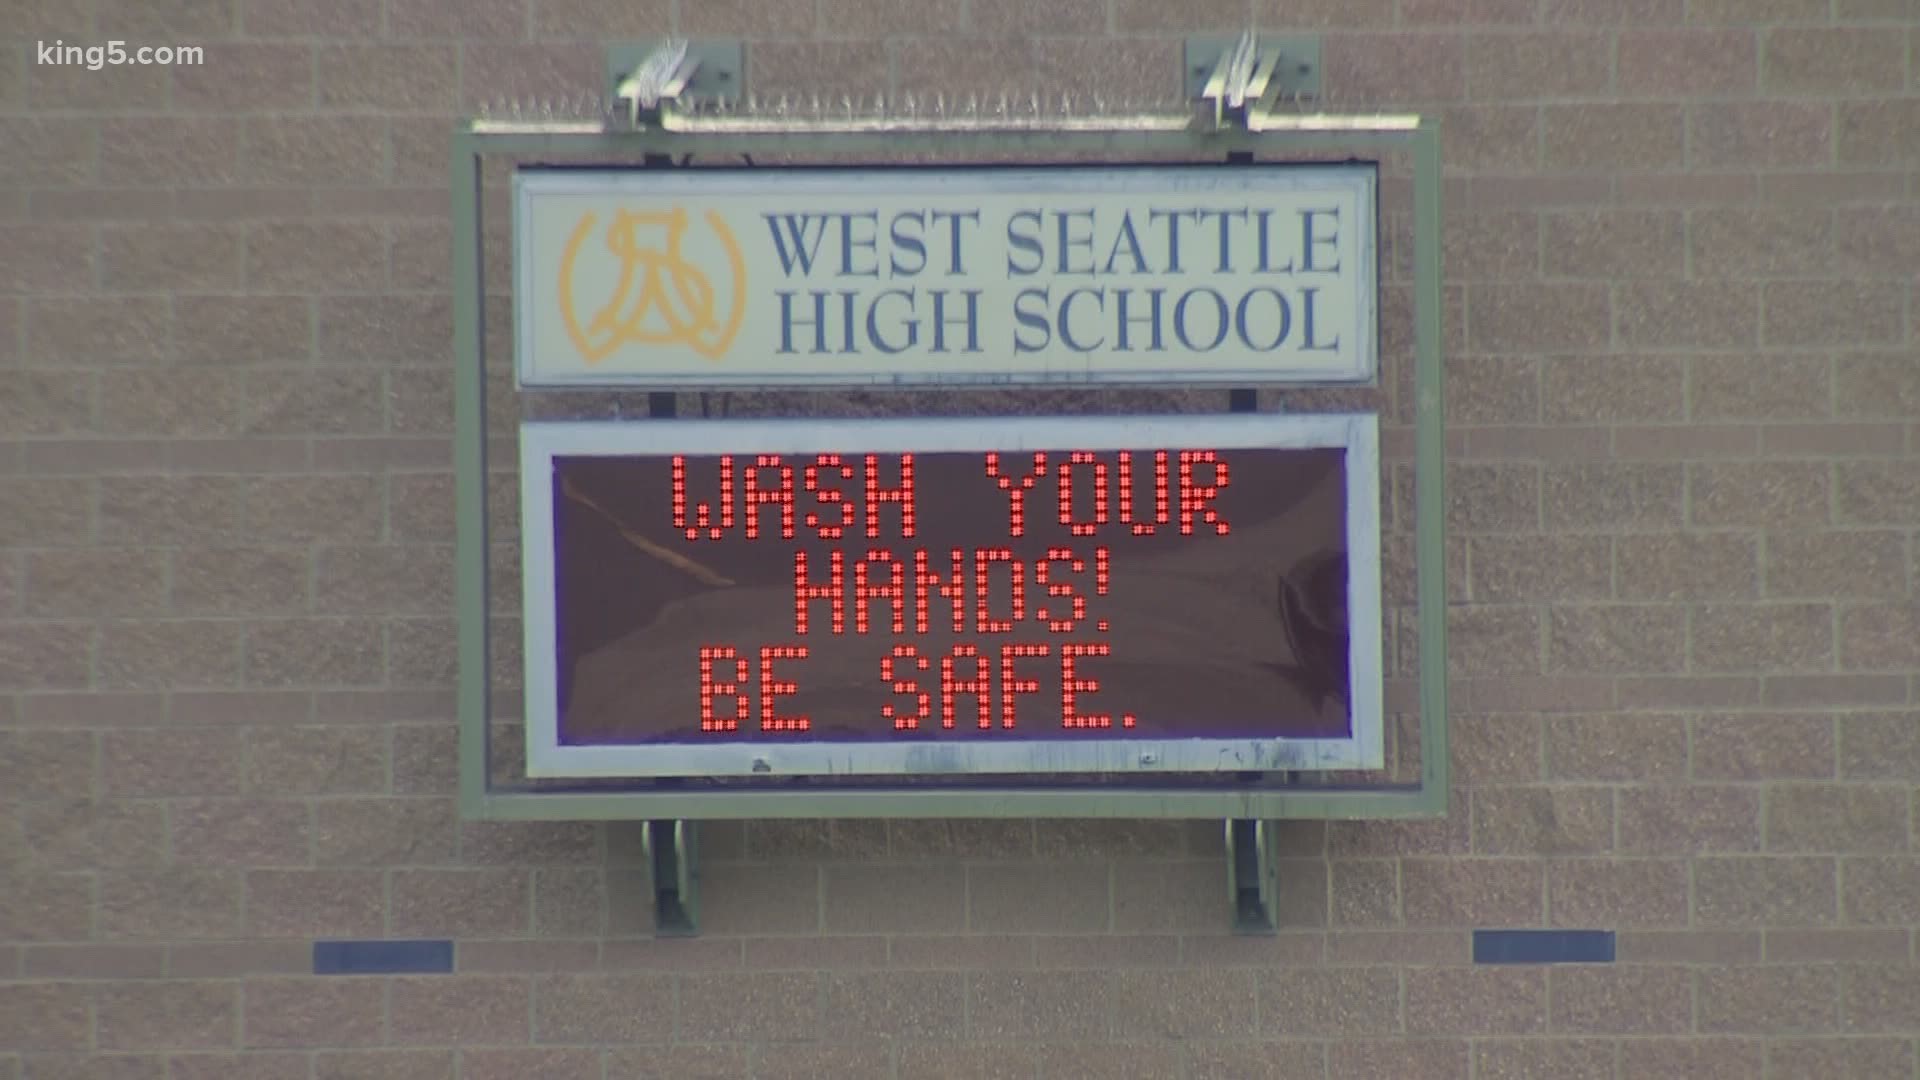 One Seattle doctor is concerned that the effects on children of not having school in the fall could supersede any coronavirus concerns.
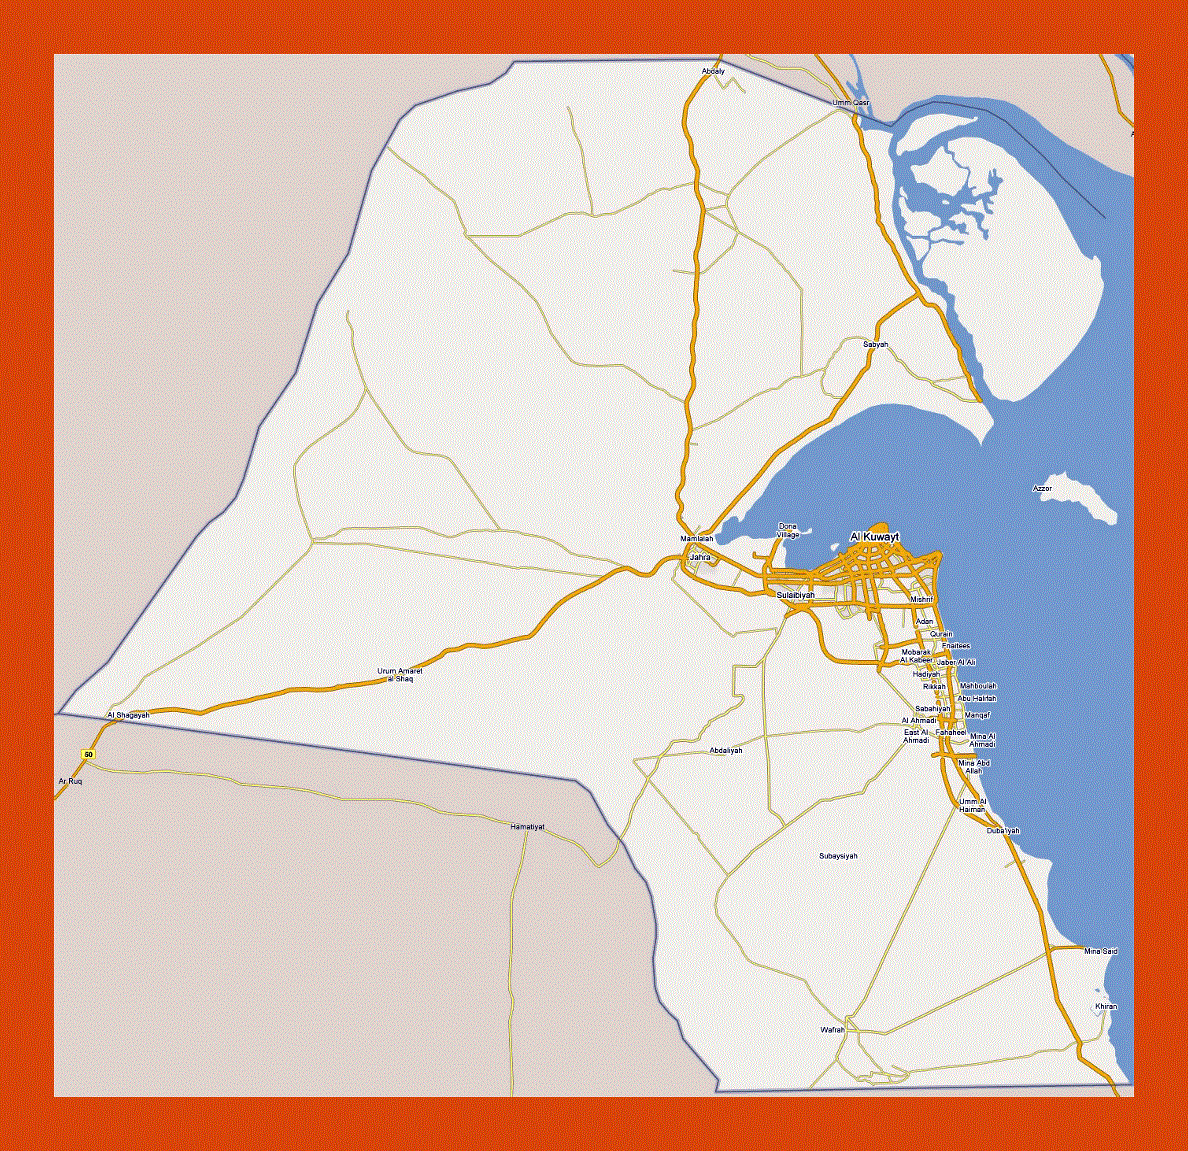 Road map of Kuwait
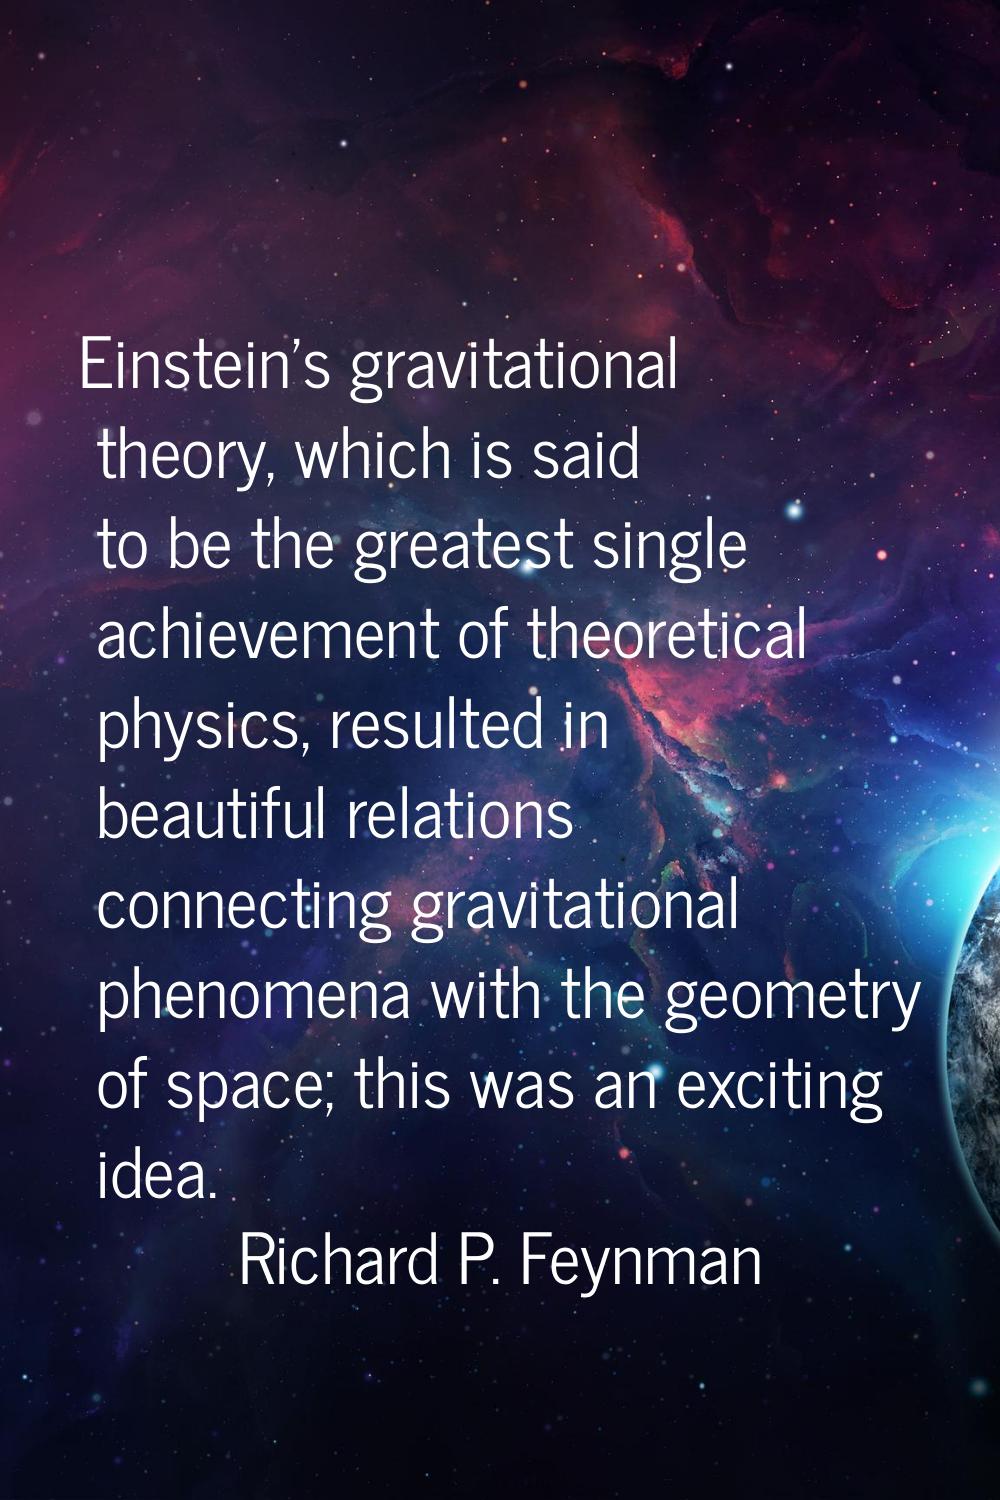 Einstein's gravitational theory, which is said to be the greatest single achievement of theoretical
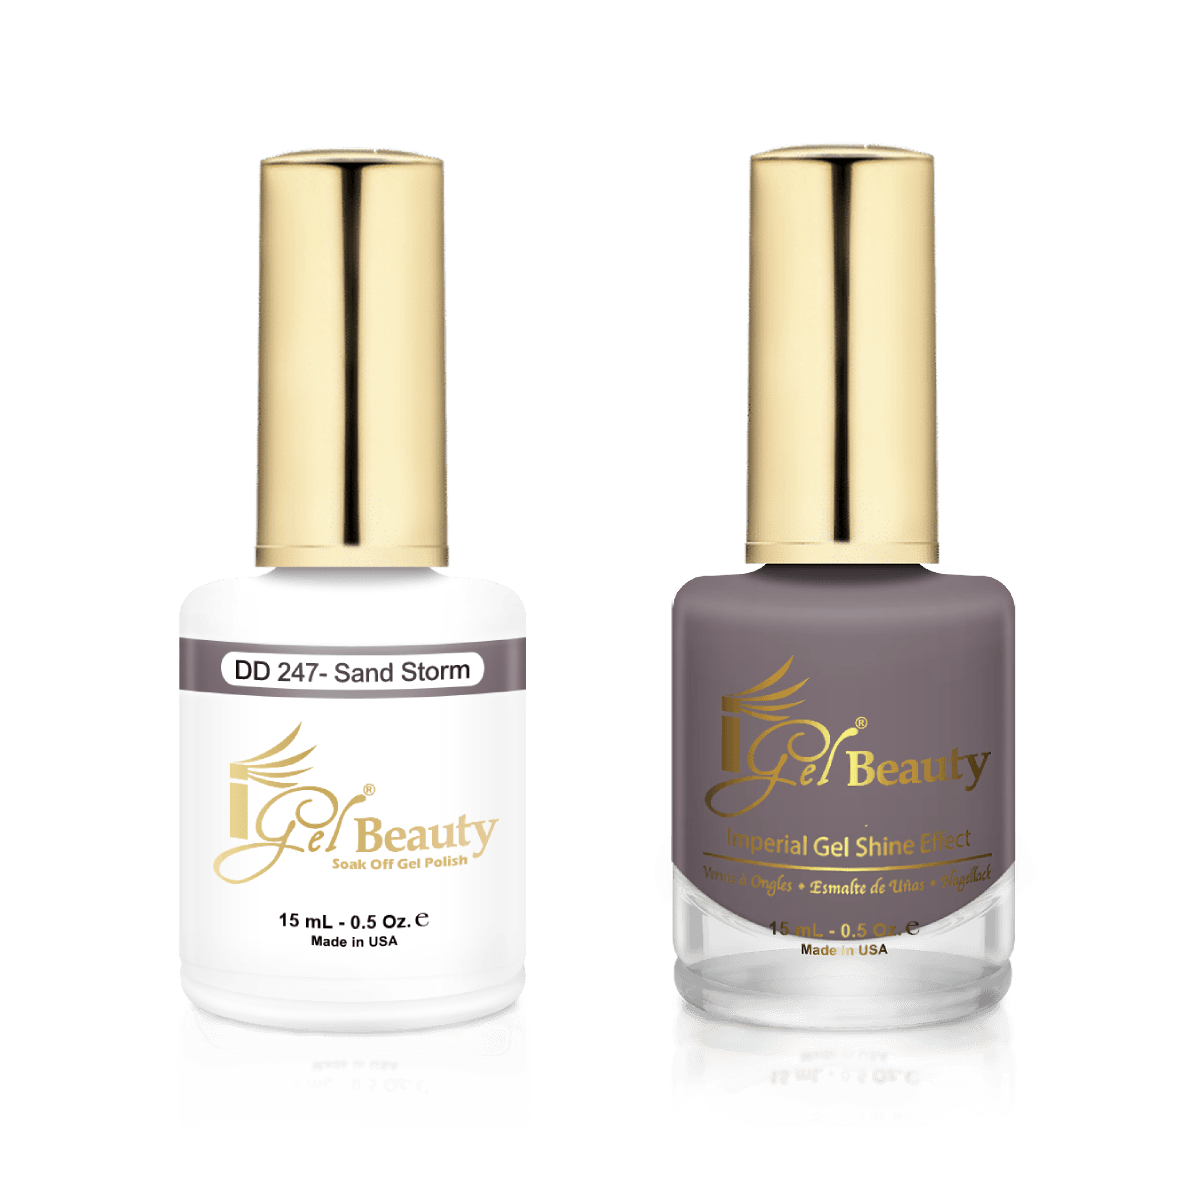 IGel Duo Gel Polish + Matching Nail Lacquer DD 247 SAND STORM
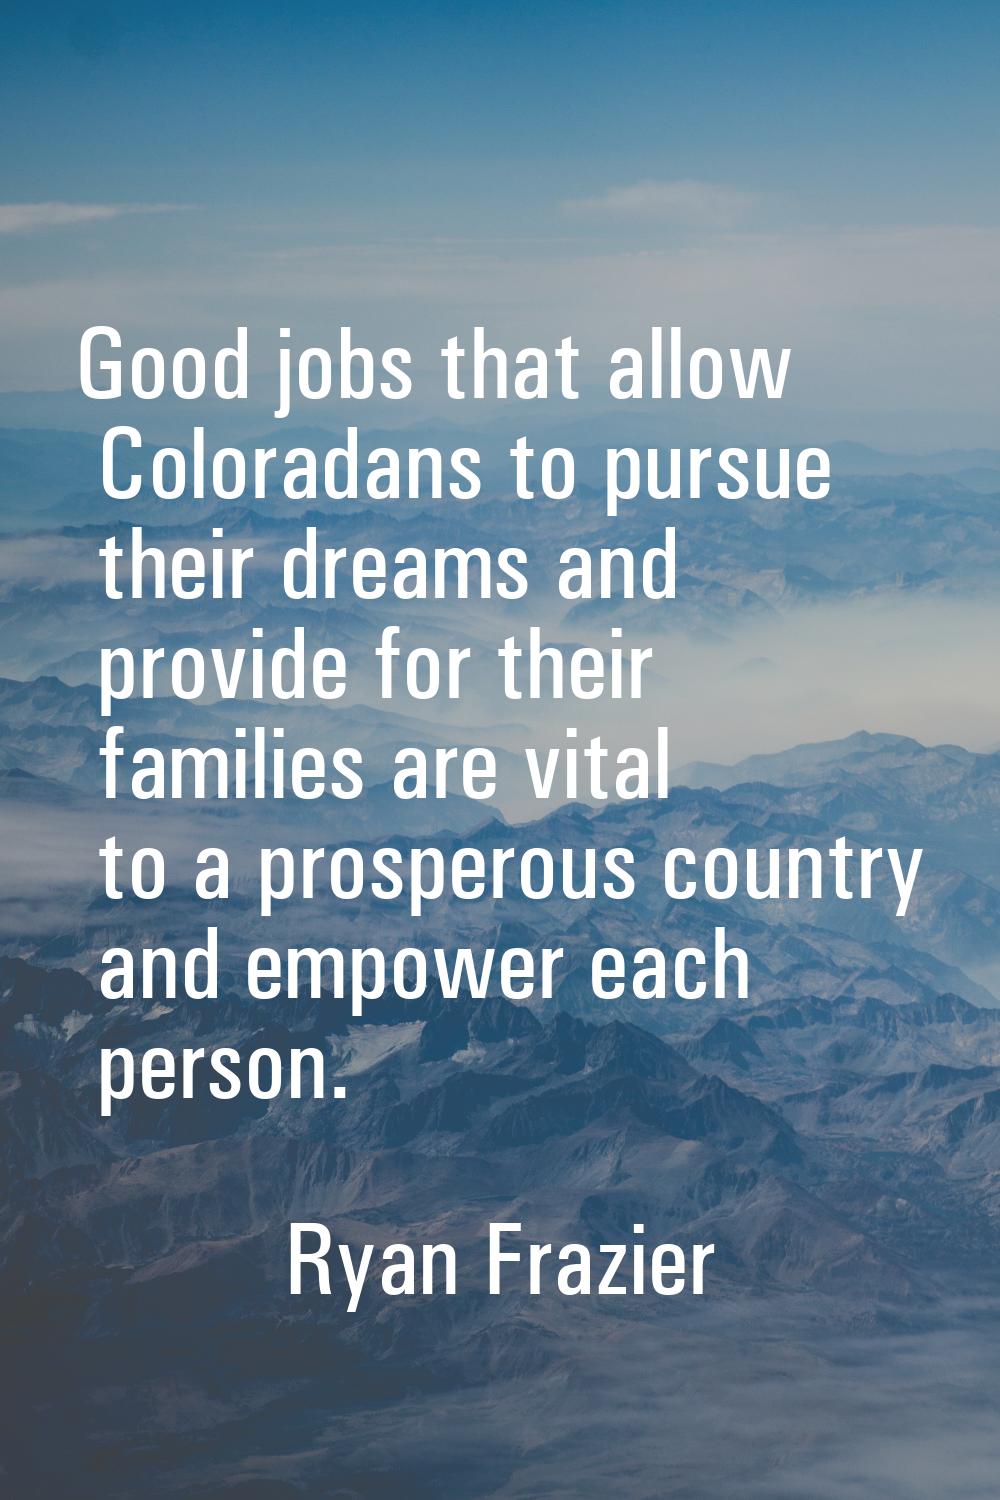 Good jobs that allow Coloradans to pursue their dreams and provide for their families are vital to
######
_Goal of the exercise:_ With pictures excluded, copy exactly the lines from the line containing "Road map of Kuwait" through the last line of the listing above, both ends included.

_Result for this exercise:_
 Road map of Kuwait
 Einstein's gravitational theory, which is said to be the greatest single achievement of theoretical
 IGel Duo Gel Polish + Matching Nail Lacquer DD 247 SAND STORM
 Good jobs that allow Coloradans to pursue their dreams and provide for their families are vital to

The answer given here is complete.